Task prompt
Each line from the one containing "SMS chiusura ricarica ERG Mobile" through the last line of the data below should be printed exactly, please, with any pictures omitted.

Records from a dataset
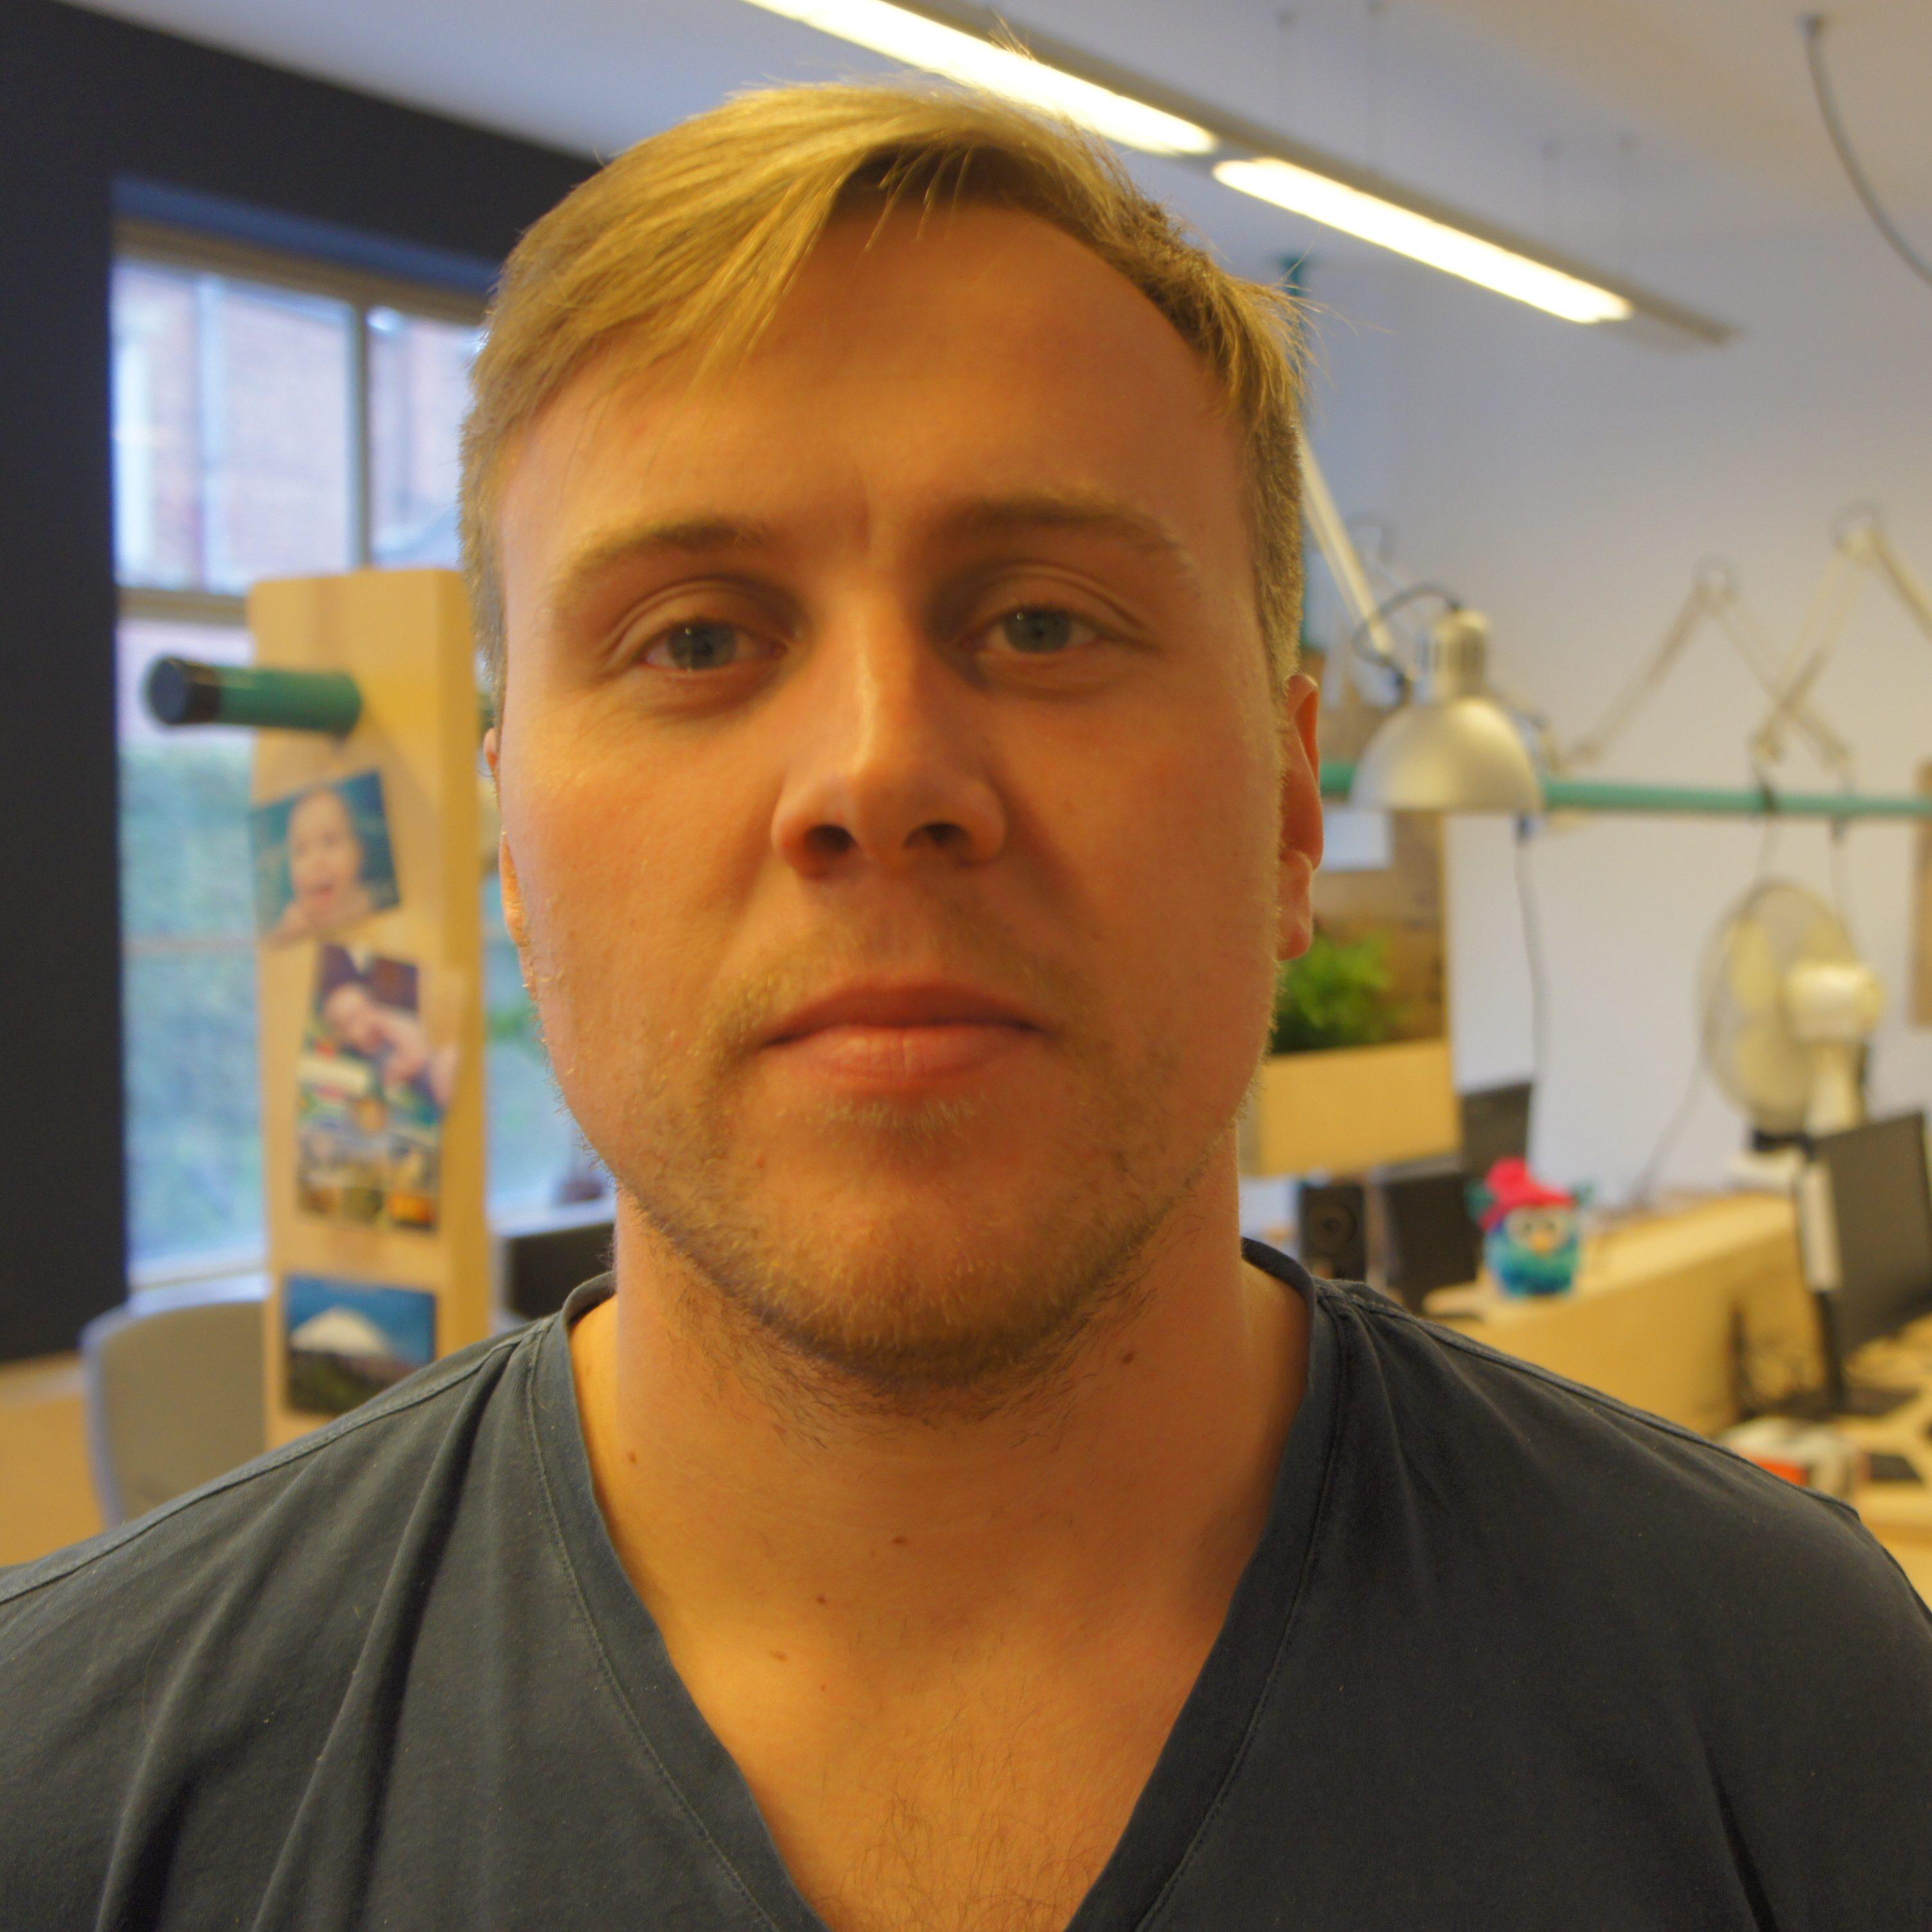 Toon Luypaert, Youth Worker, De Ambrassade, Belgium
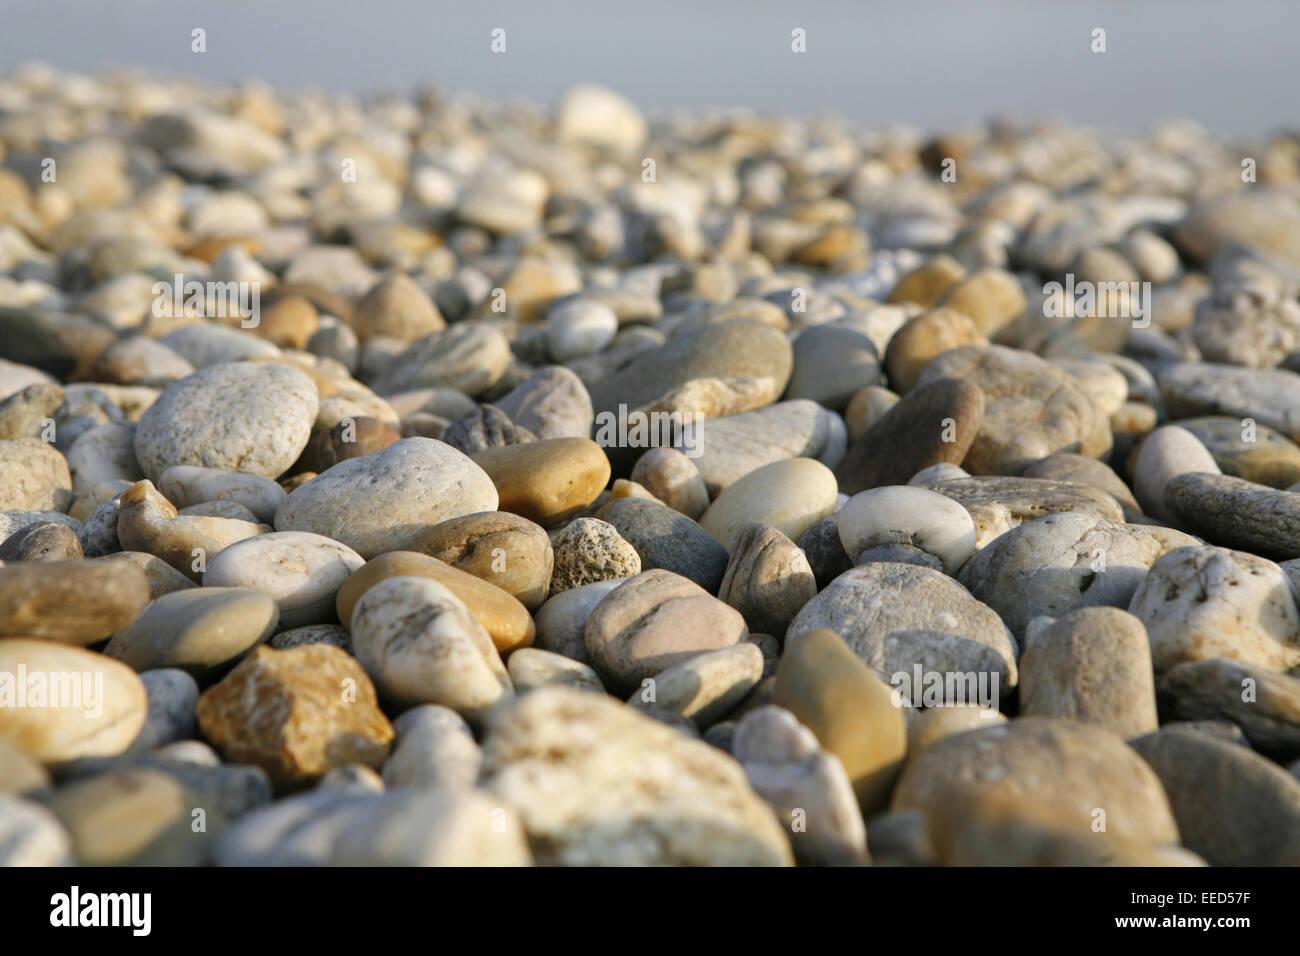 steine wasser see ufer strand dunst geologie gestein stein stock photo royalty free. Black Bedroom Furniture Sets. Home Design Ideas
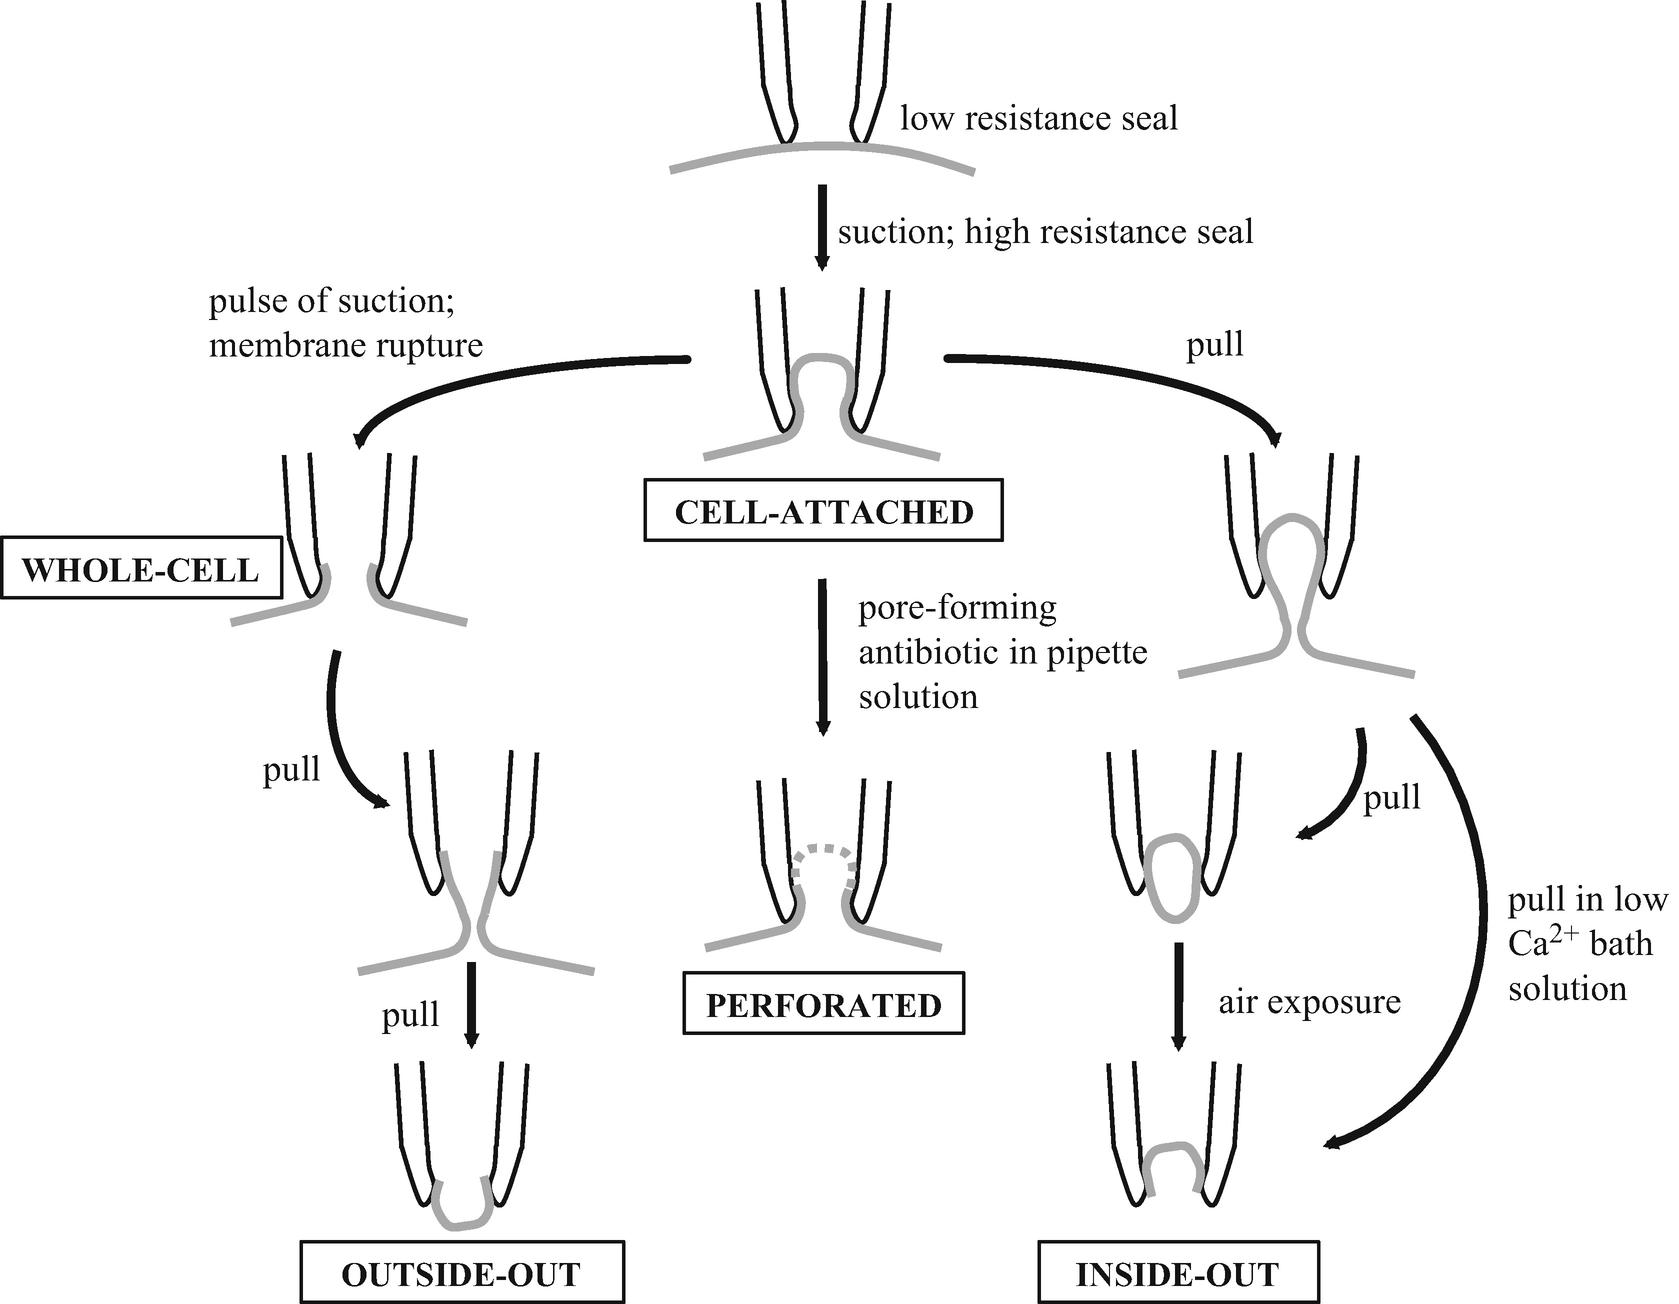 图1 膜片钳的几种记录方式。该示意图说明了膜片钳针尖与细胞膜表面的相互作用,以及达成膜片钳装置内各种记录方式的步骤。
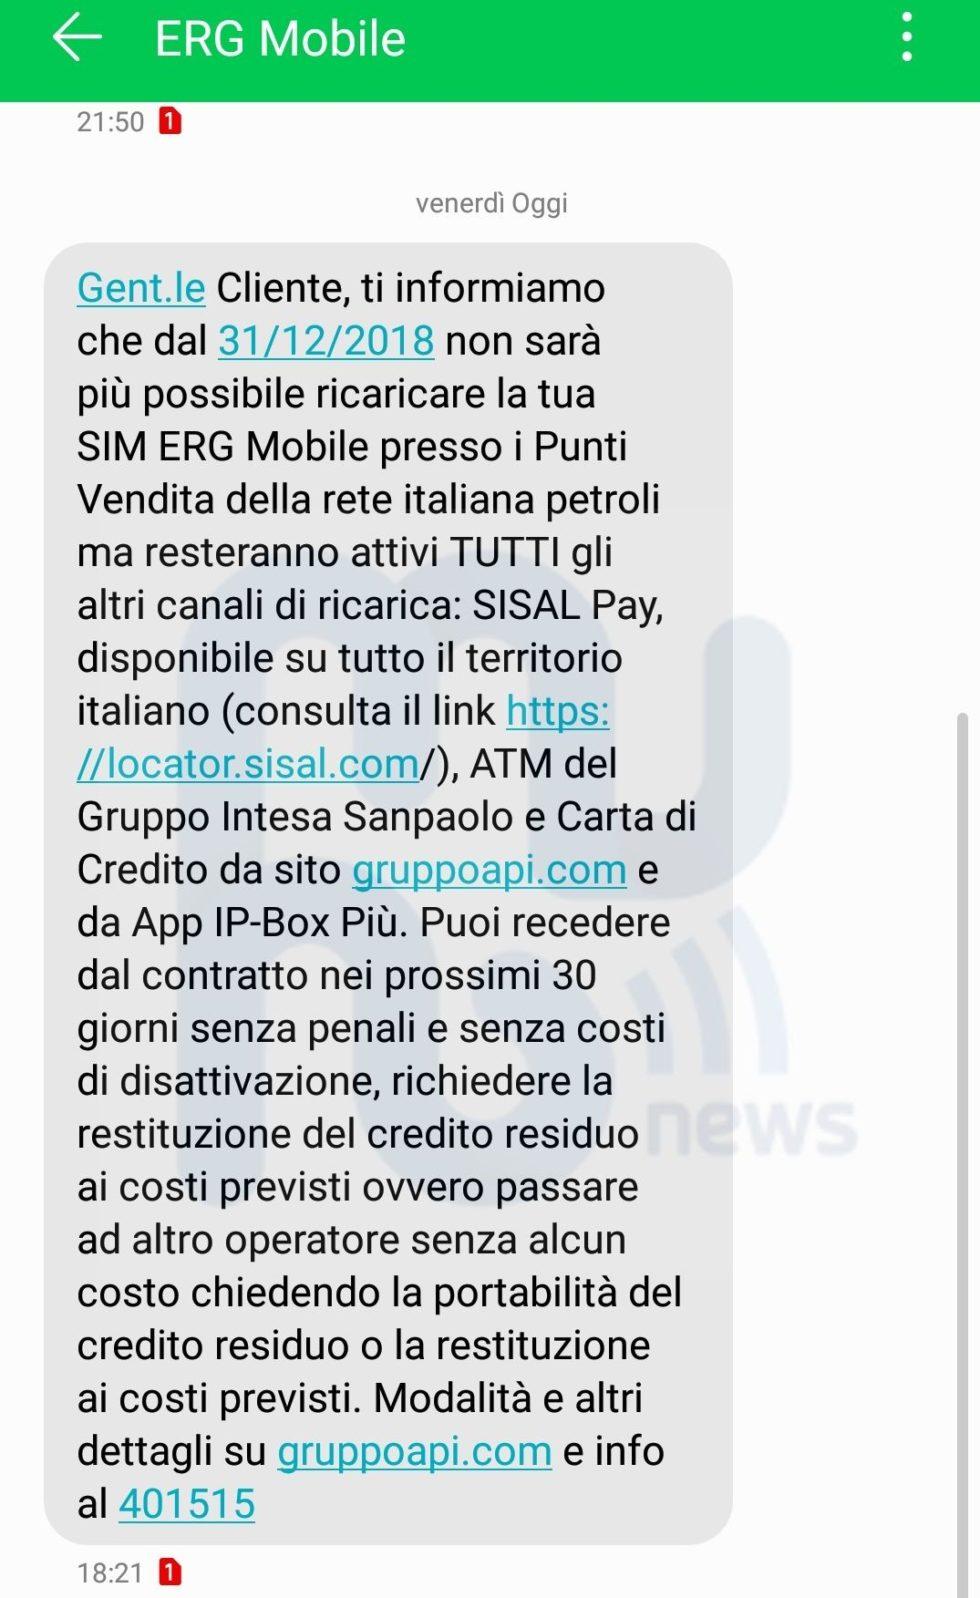 SMS chiusura ricarica ERG Mobile
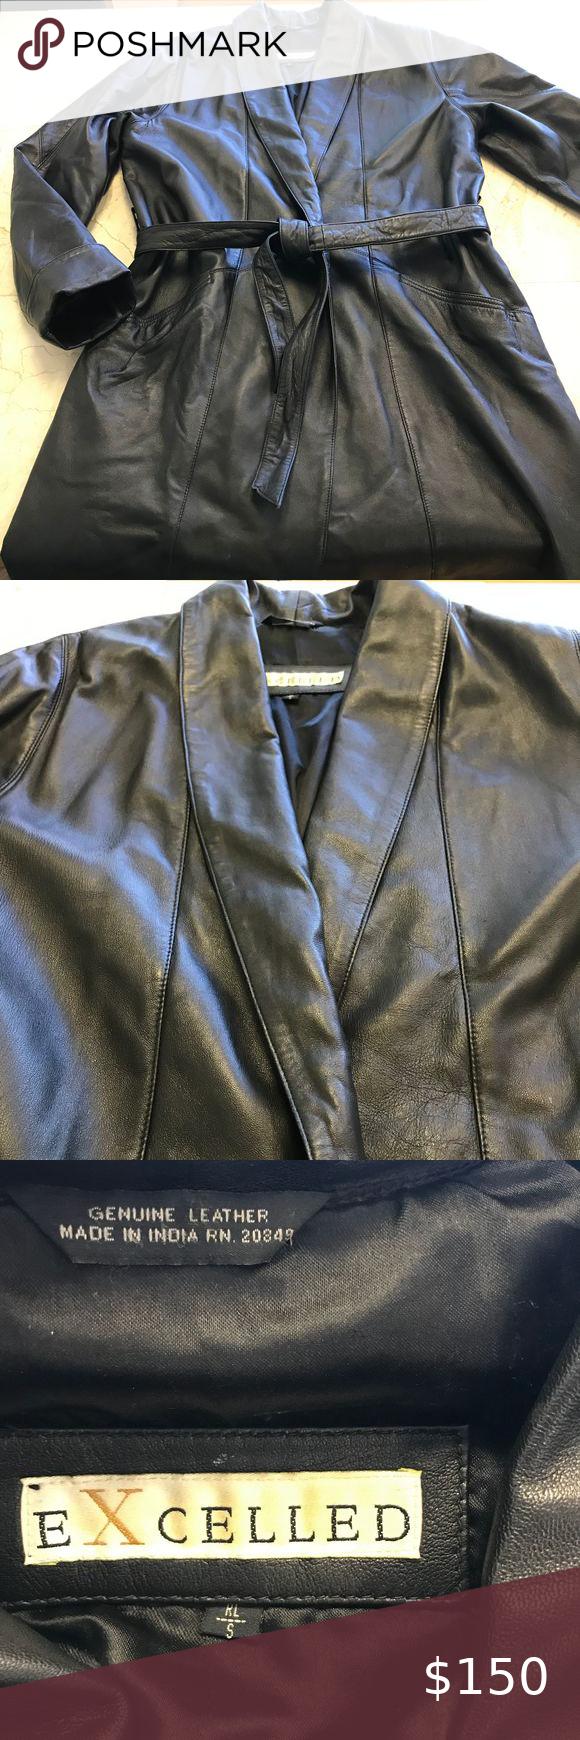 Vintage Kidskin Leather Coat Excelled Size Small Kidskin Leather Coat Colorful Coat [ 1740 x 580 Pixel ]

Solution for this exercise
 SMS chiusura ricarica ERG Mobile
 Vintage Kidskin Leather Coat Excelled Size Small Kidskin Leather Coat Colorful Coat [ 1740 x 580 Pixel ]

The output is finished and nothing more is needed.